In this paper, we provide a comprehensive overview of the image segmentation realm with the goals to: 1. facilitate access to contemporary procedures and practices developed in the recent past (2001 to current), 2. establish current standards of segmentation outcomes from a qualitative and quantitative standpoint by displaying results acquired from state-of-the-art techniques, 3. discuss our view on the field as it stands today, and 4. outline avenues of future research. The remainder of this paper is organized as follows. Section 2 provides broad and specific categorizations of segmentation approaches based on their inherent methodology and illustrates experimental results derived from prominent color image segmentation algorithms. Furthermore, Sec. 3 provides a brief quantitative evaluation of the aforementioned algorithms. Finally, conclusions and future directives are presented in Sec. 4.

Segmentation procedures can be broadly categorized from a high level perspective as well as specifically grouped based on their technical grounding (low level classification). The following subsections describe each of the two taxonomies in detail.

High-Level Taxonomy

Image segmentation techniques can, in general, be broadly classified (see Fig. 2) based on: 1. the image type, 2. the extent of human interaction, 3. the manner in which the image is represented for processing, 4. the number and type of attributes used and, 5. the fundamental principle of operation.

Graphic Jump LocationF2 :

High-level taxonomy of image segmentation algorithms.

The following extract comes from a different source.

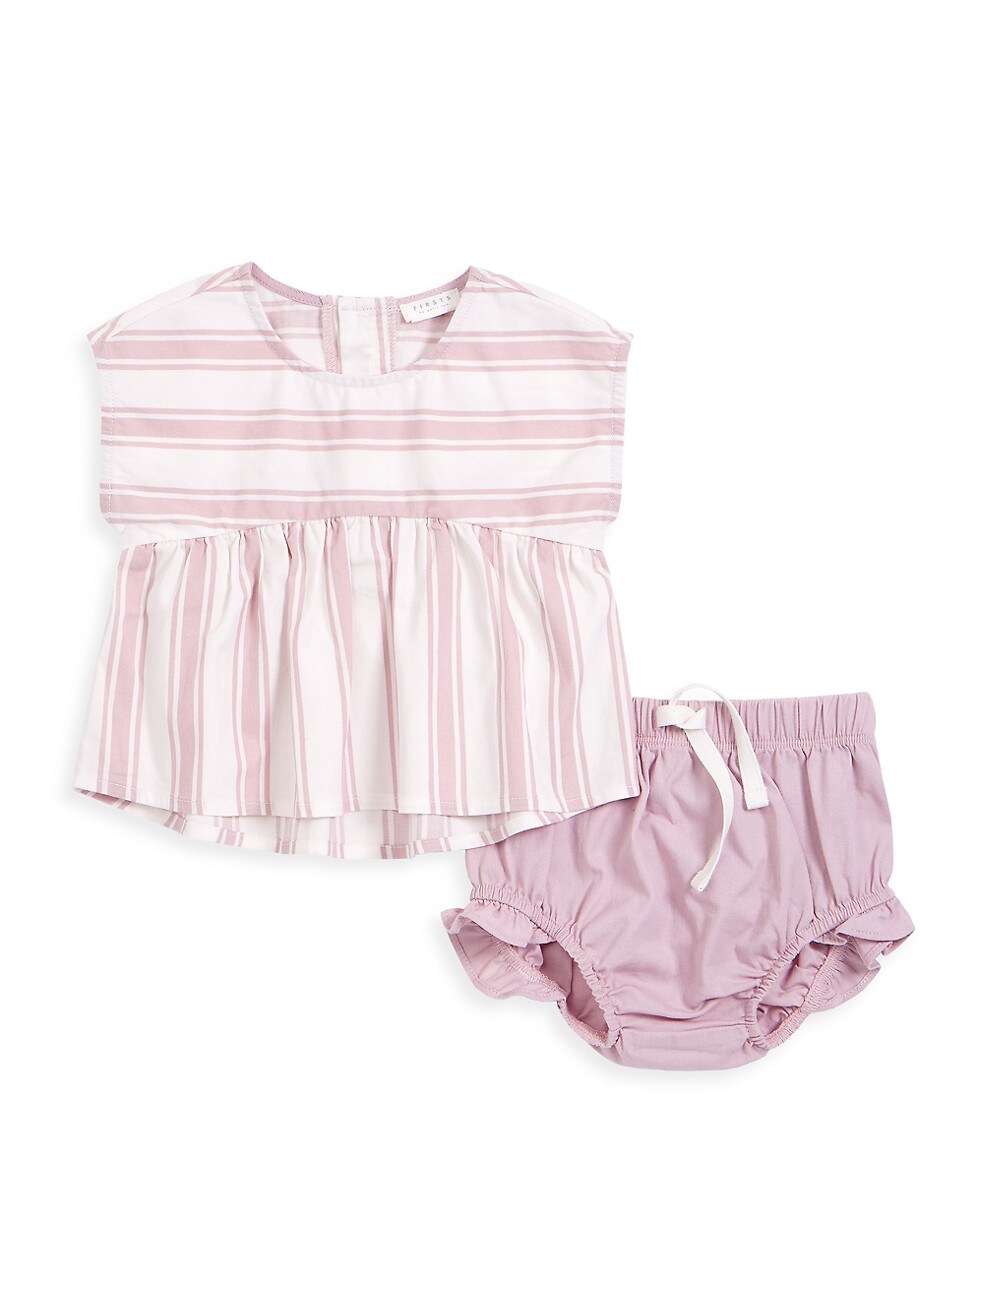 BABY 2PC SET: S/S TOP + BLOOMER WOVEN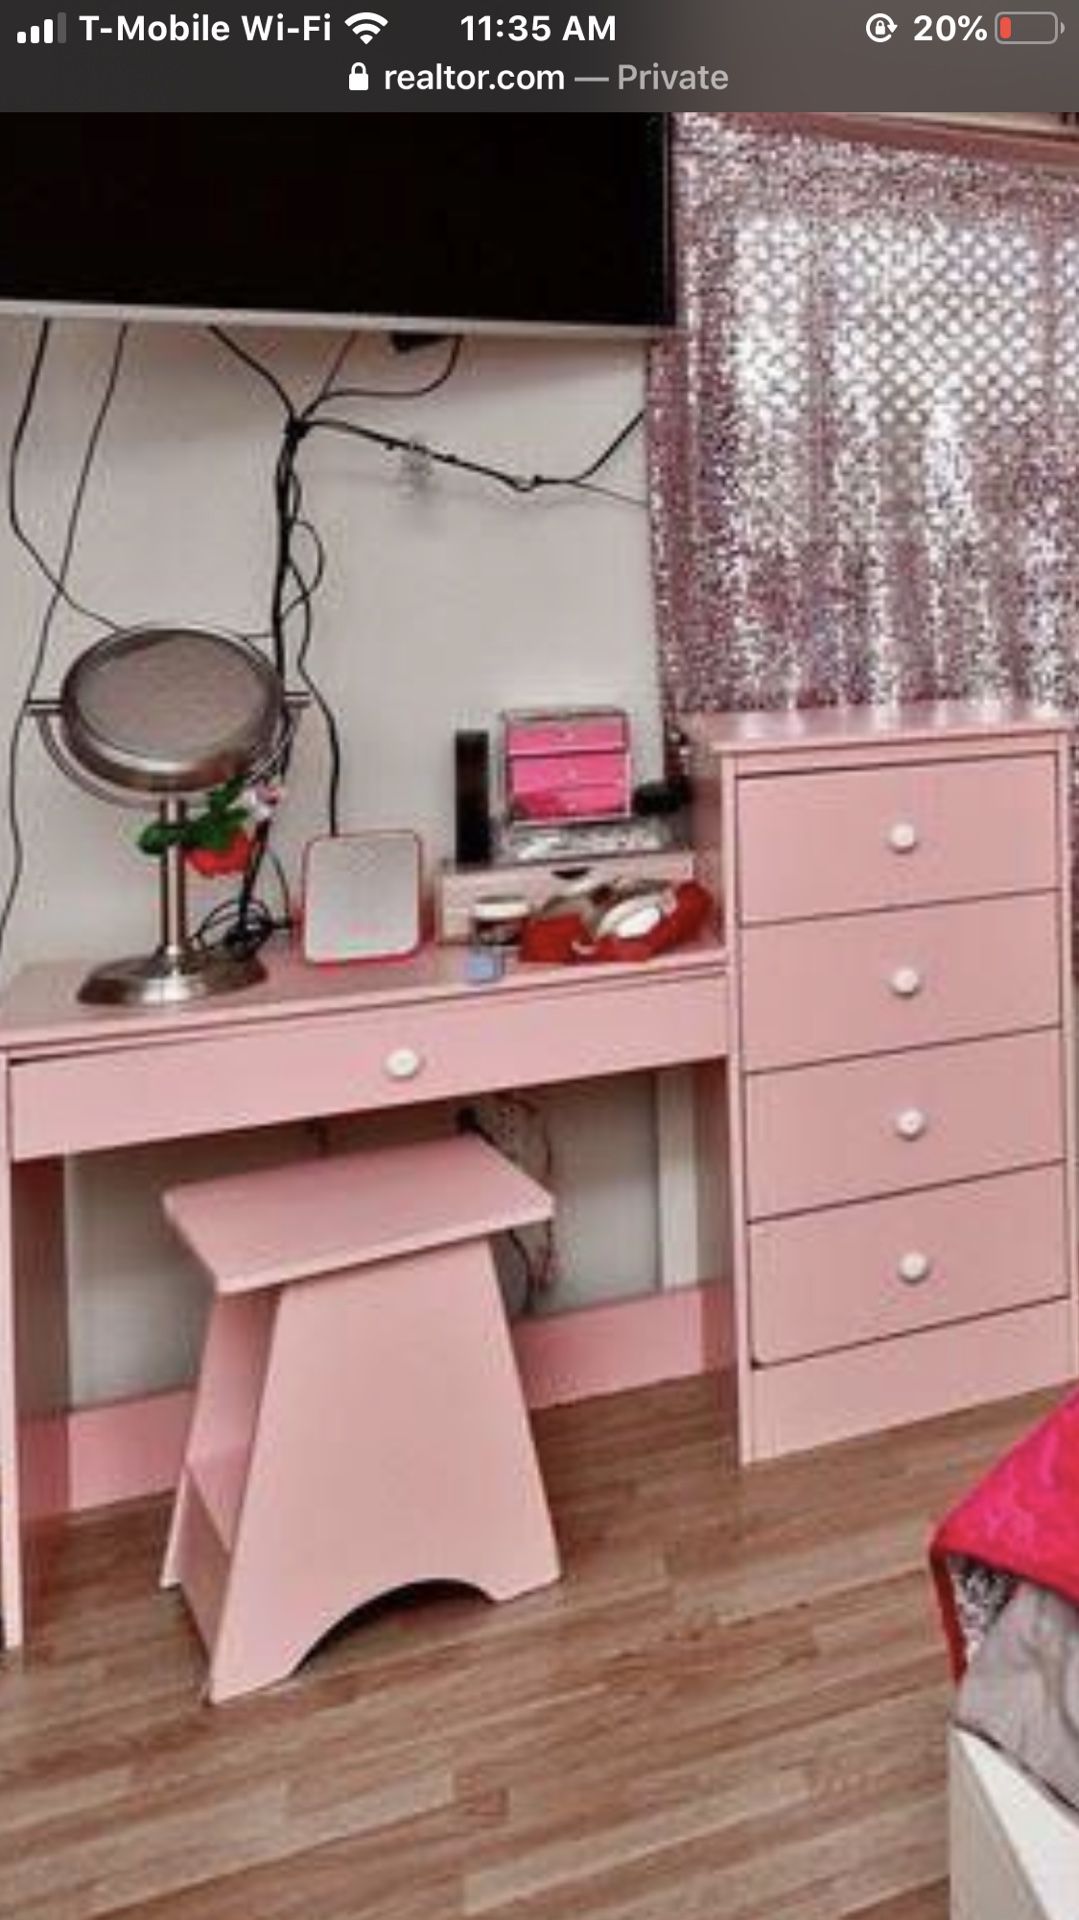 Selling my pink vanity. Need to get rid of it ASAP.

The first criterion segregates algorithms that have been developed for monochrome (or single band) images from the ones that handle color (or three band) images. The second criterion distinguishes methods that require human intervention (supervised processes) for segmentation from the ones that operate without any manual interference (fully automatic or unsupervised processes). The third criterion separates segmentation procedures that directly operate on the original image (single scale configuration) from the ones that operate on multiple representations of the image (multiscale configuration), each manifesting different amount of information. The fourth criterion differentiates algorithms based on the type of image information (e.g., gray/color intensity, gradient/edge, or textural features) utilized to perform the segmentation. It is imperative to note that most methods use the aforementioned image attributes individually (single attribute methods) or in specific combinations (multiple attribute methods) to categorize them. Finally, the last criterion based on the underlying principle of operation discriminates segmentation mechanisms as being either spatially blind or spatially guided. Spatially blind approaches as the name suggests are techniques that are “blind” to spatial information, or, in other words, do not take into account the spatial arrangement of pixels in an image. Instead these methods rely heavily on grouping image information in a suitable attribute/feature space. On the other hand, spatially guided approaches tend to exploit the spatial arrangement of pixels in an image during the segmentation process.

Low-Level Taxonomy

As mentioned previously, most segmentation modus operandi can be viewed as being either spatially blind or spatially guided. It is this distinction that forms the basis of our low-level taxonomy where we specifically group segmentation procedures based on their technical components, as depicted in Fig. 3.

Graphic Jump LocationF3 :

Low-level taxonomy of image segmentation algorithms.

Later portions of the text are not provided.